The Flight of Icarus

Jacob Peter Gowy's The Flight of Icarus (1635–1637)

The Flight of Icarus painting by 17th century Flemish Baroque painter Jacob Peter Gowy, 1635-1637. The painting shows Icarus, a character in Greek mythology, plummeting into the sea since the wax holding his wings got melted by the sun. Also depicted in the painting is the famed craftsman Daedalus, Icarus’ father.

In Greek mythology, Icarus was the son of the skilled craftsman Daedalus. The story of Icarus is often associated with the tale of the labyrinth and the Minotaur. Daedalus, being imprisoned by King Minos of Crete, devised a plan to escape with his son.

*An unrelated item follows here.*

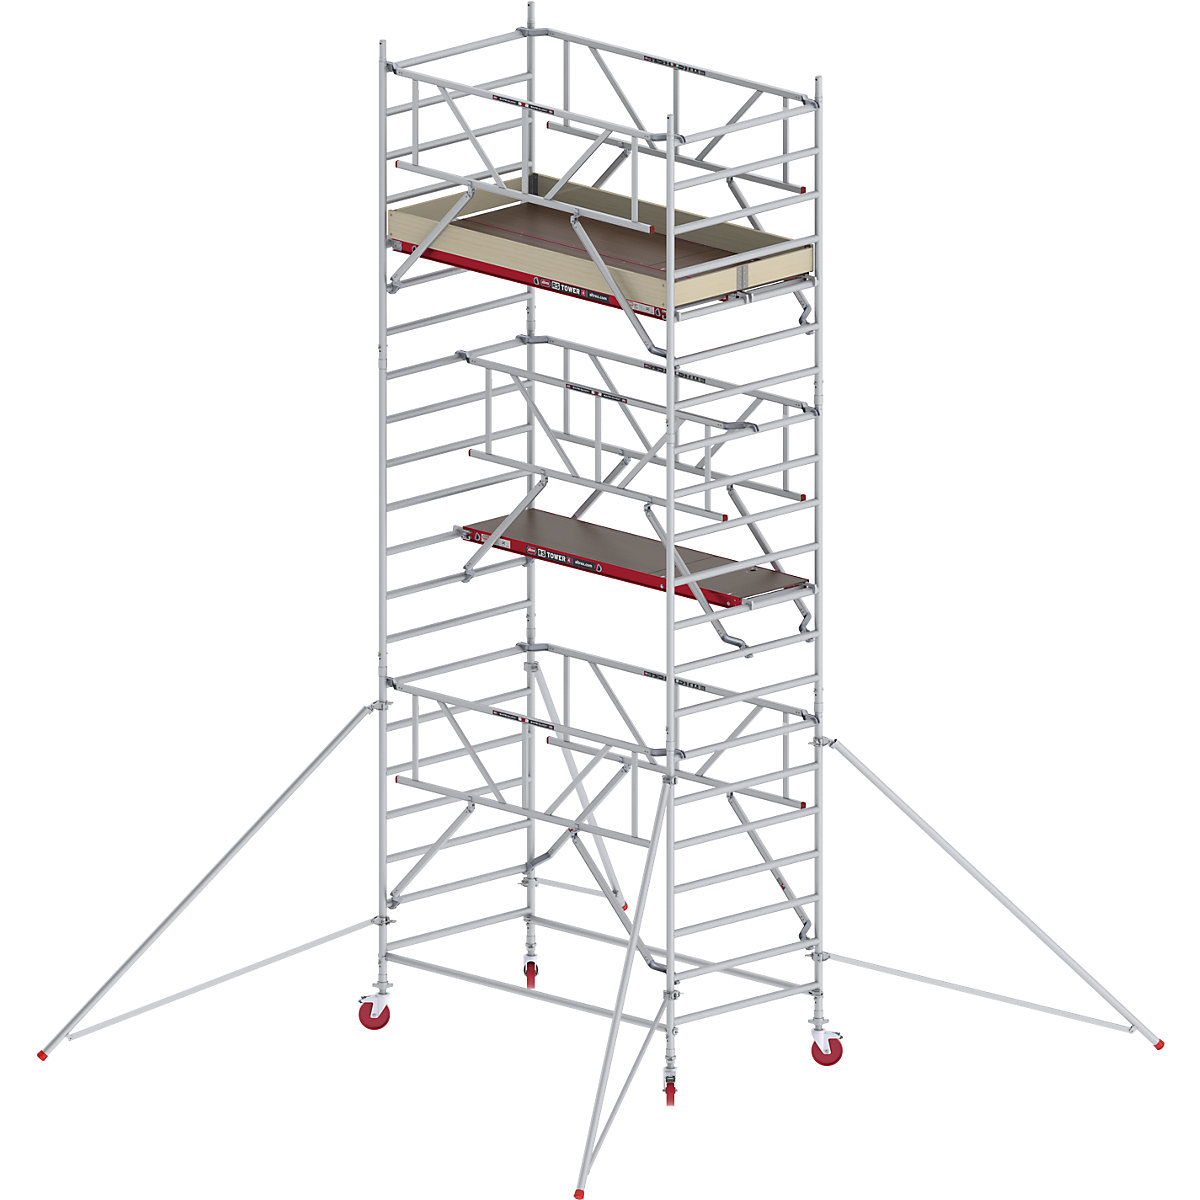 Fahrgerüst RS TOWER 42 breit mit Safe-Quick® Altrex, Holzplattform, Länge 1,85 m, Arbeitshöhe 7,20 m

Read More: Theseus and the Minotaur in Greek Mythology

To flee the island, Daedalus constructed wings made of feathers and wax. He taught Icarus how to use them, warning him not to fly too high, as the heat of the sun would melt the wax, nor too low, as the moisture of the sea would dampen the feathers.

Excited by the ability to fly, Icarus disregarded his father’s warning and soared too close to the sun. The wax holding his wings together melted, causing the feathers to fall apart. Icarus plummeted into the sea and drowned, forever becoming a cautionary tale about the perils of hubris and disobedience.